▶ _INPUT FOR THIS TASK_
*** Block opens ***

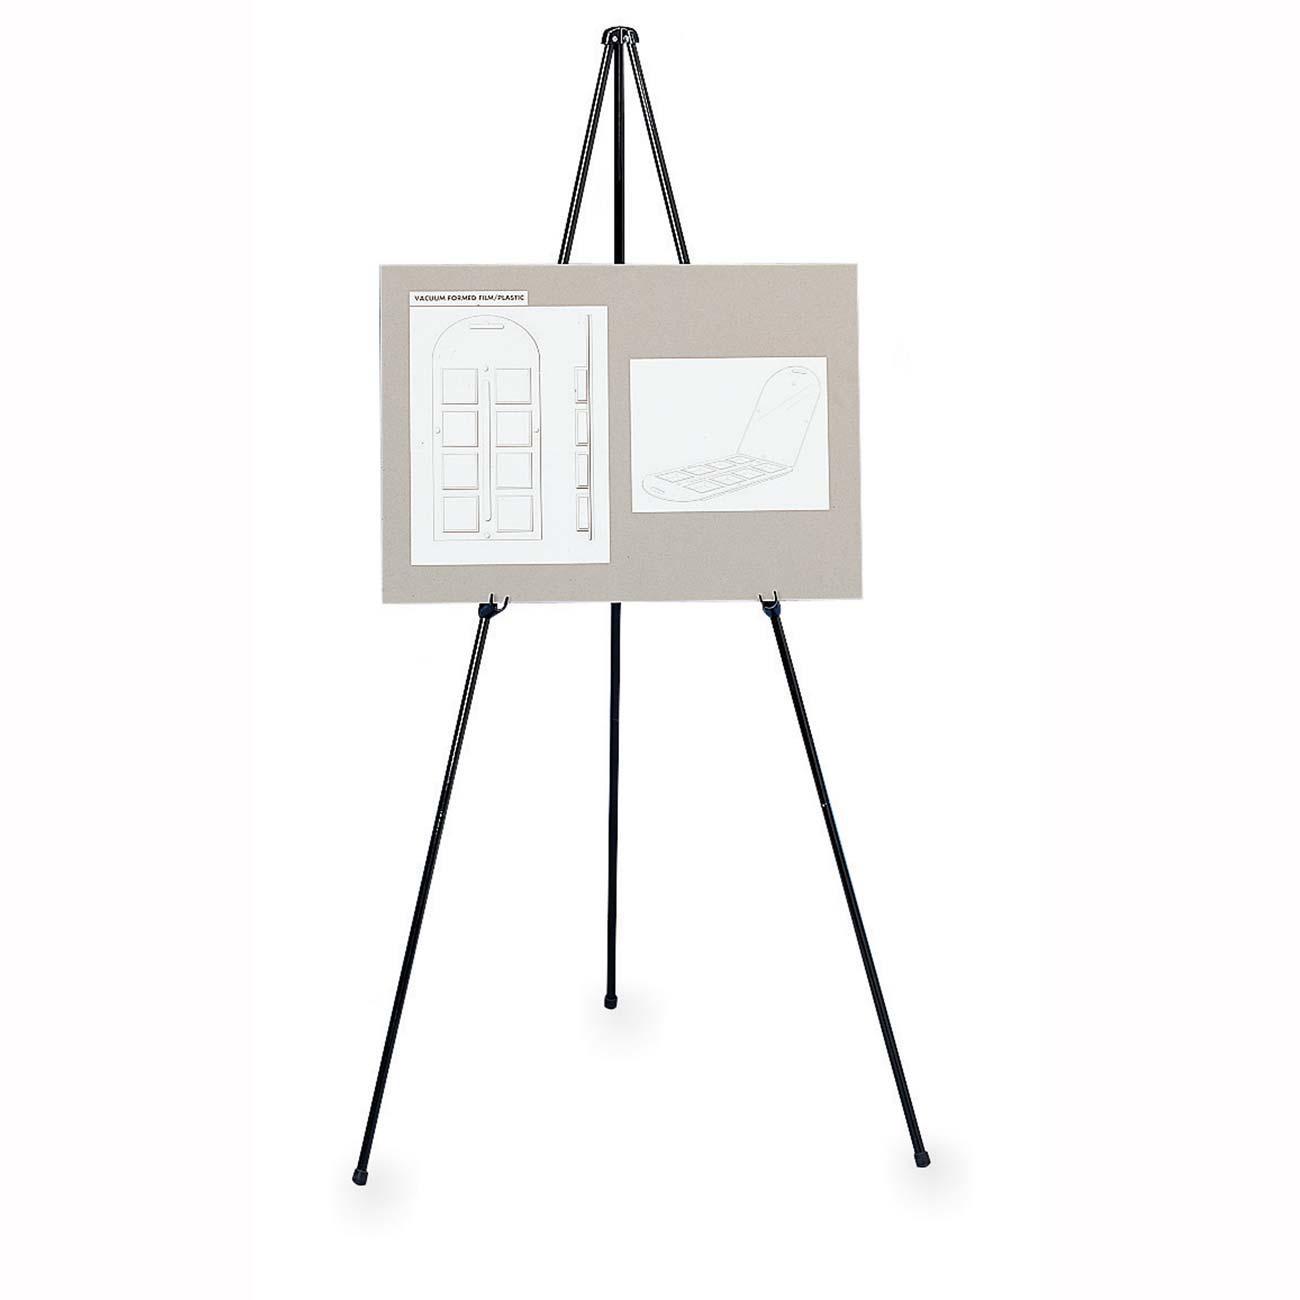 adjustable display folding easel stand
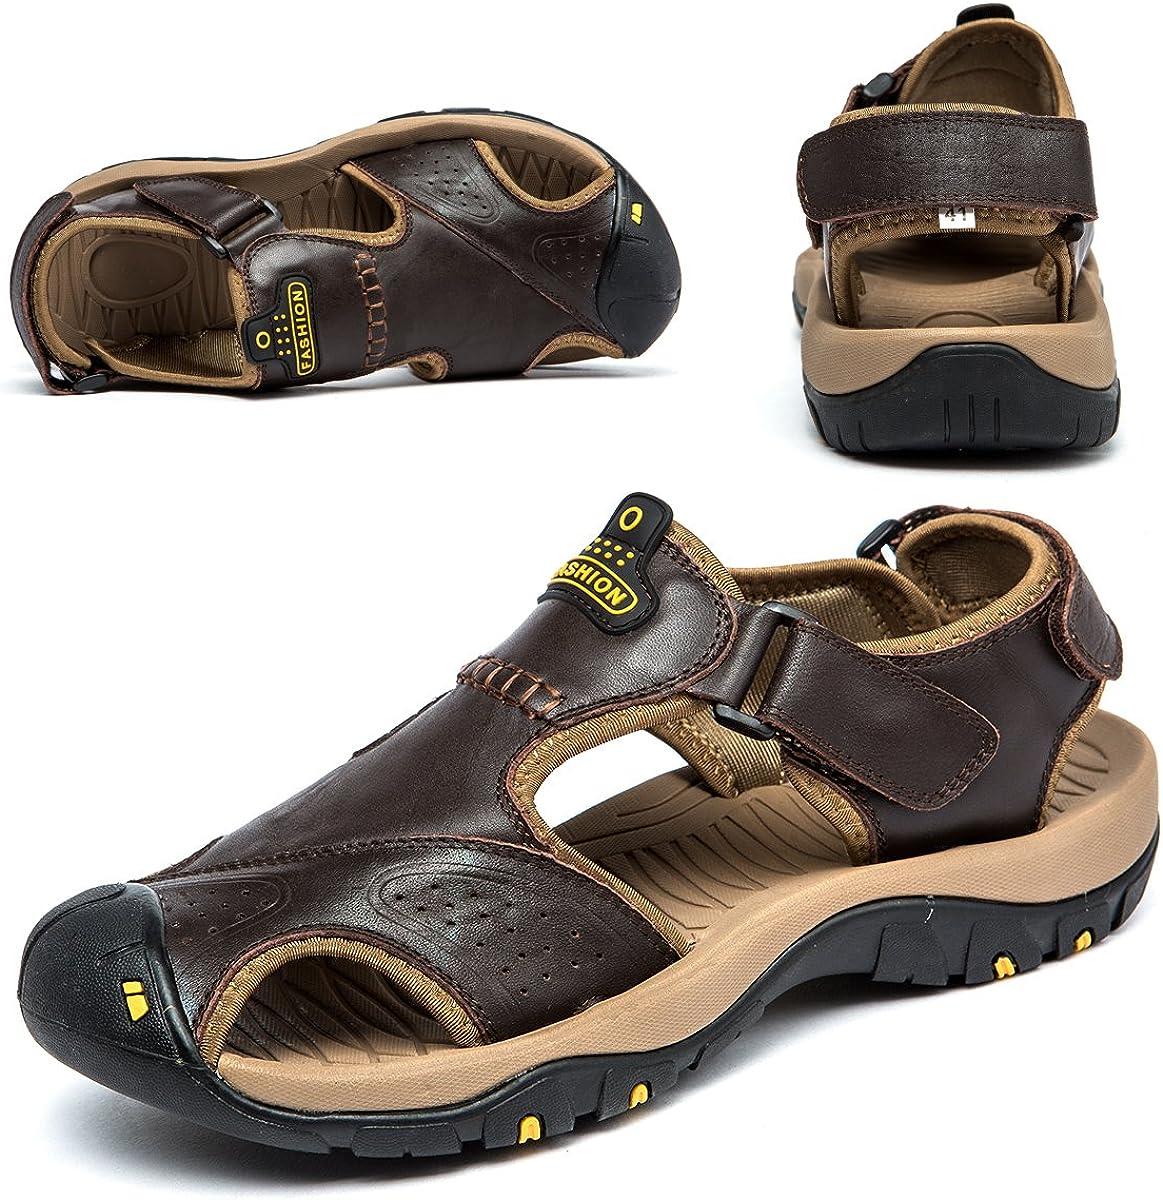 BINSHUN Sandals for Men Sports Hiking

*** Block closes ***
*** Block opens ***

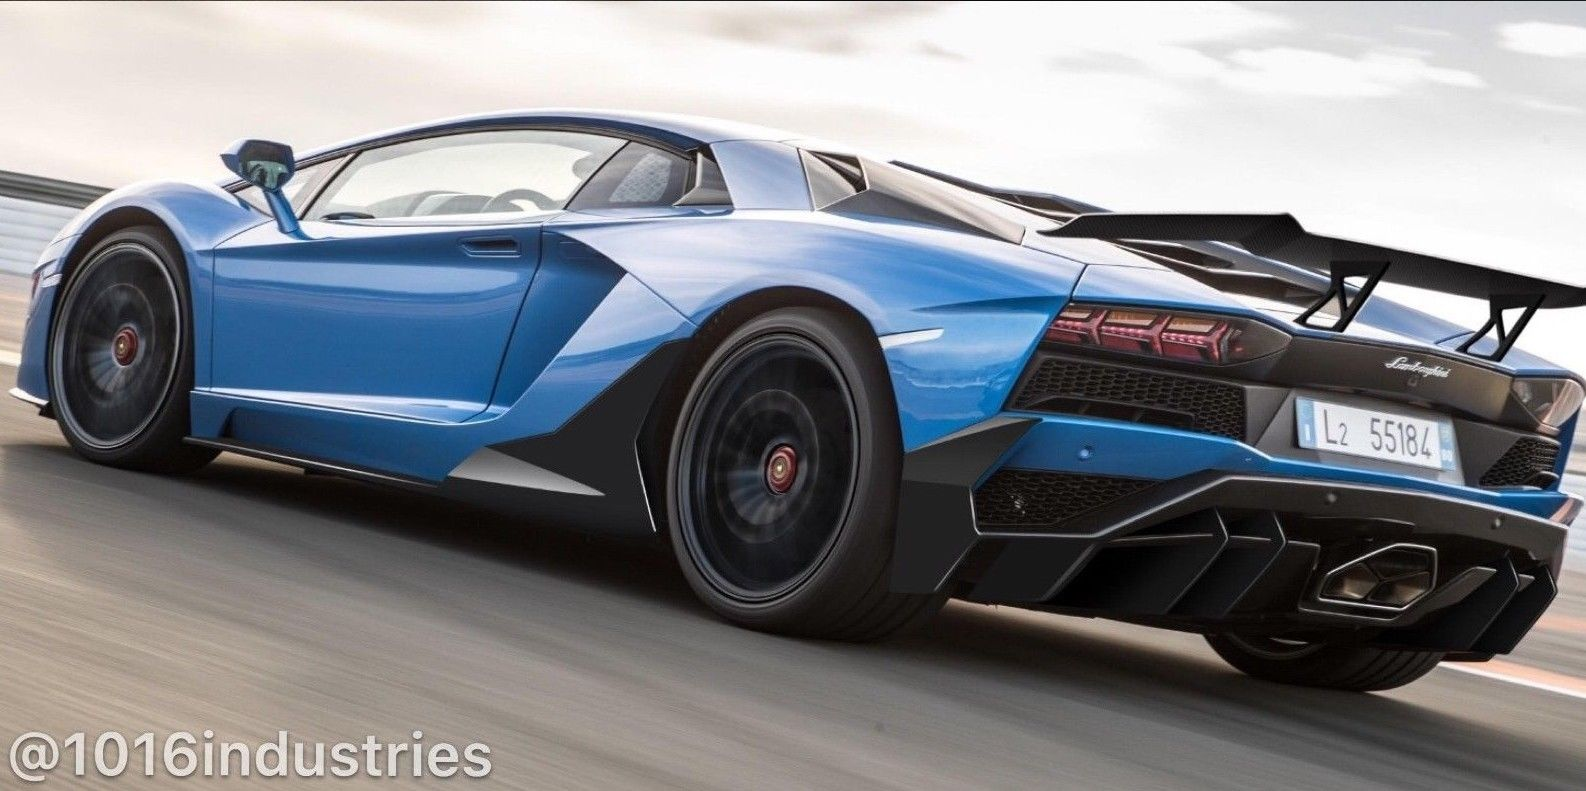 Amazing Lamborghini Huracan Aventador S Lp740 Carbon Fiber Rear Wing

*** Block closes ***
*** Block opens ***

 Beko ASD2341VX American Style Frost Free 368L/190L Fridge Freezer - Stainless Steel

*** Block closes ***

▶ _TASK GOAL_
While skipping the pictures, transcribe the data above from the line showing "adjustable display folding easel stand" through the line showing "BINSHUN Sandals for Men Sports Hiking", exactly and with both ends.

▶ _RESULT_
 adjustable display folding easel stand
 BINSHUN Sandals for Men Sports Hiking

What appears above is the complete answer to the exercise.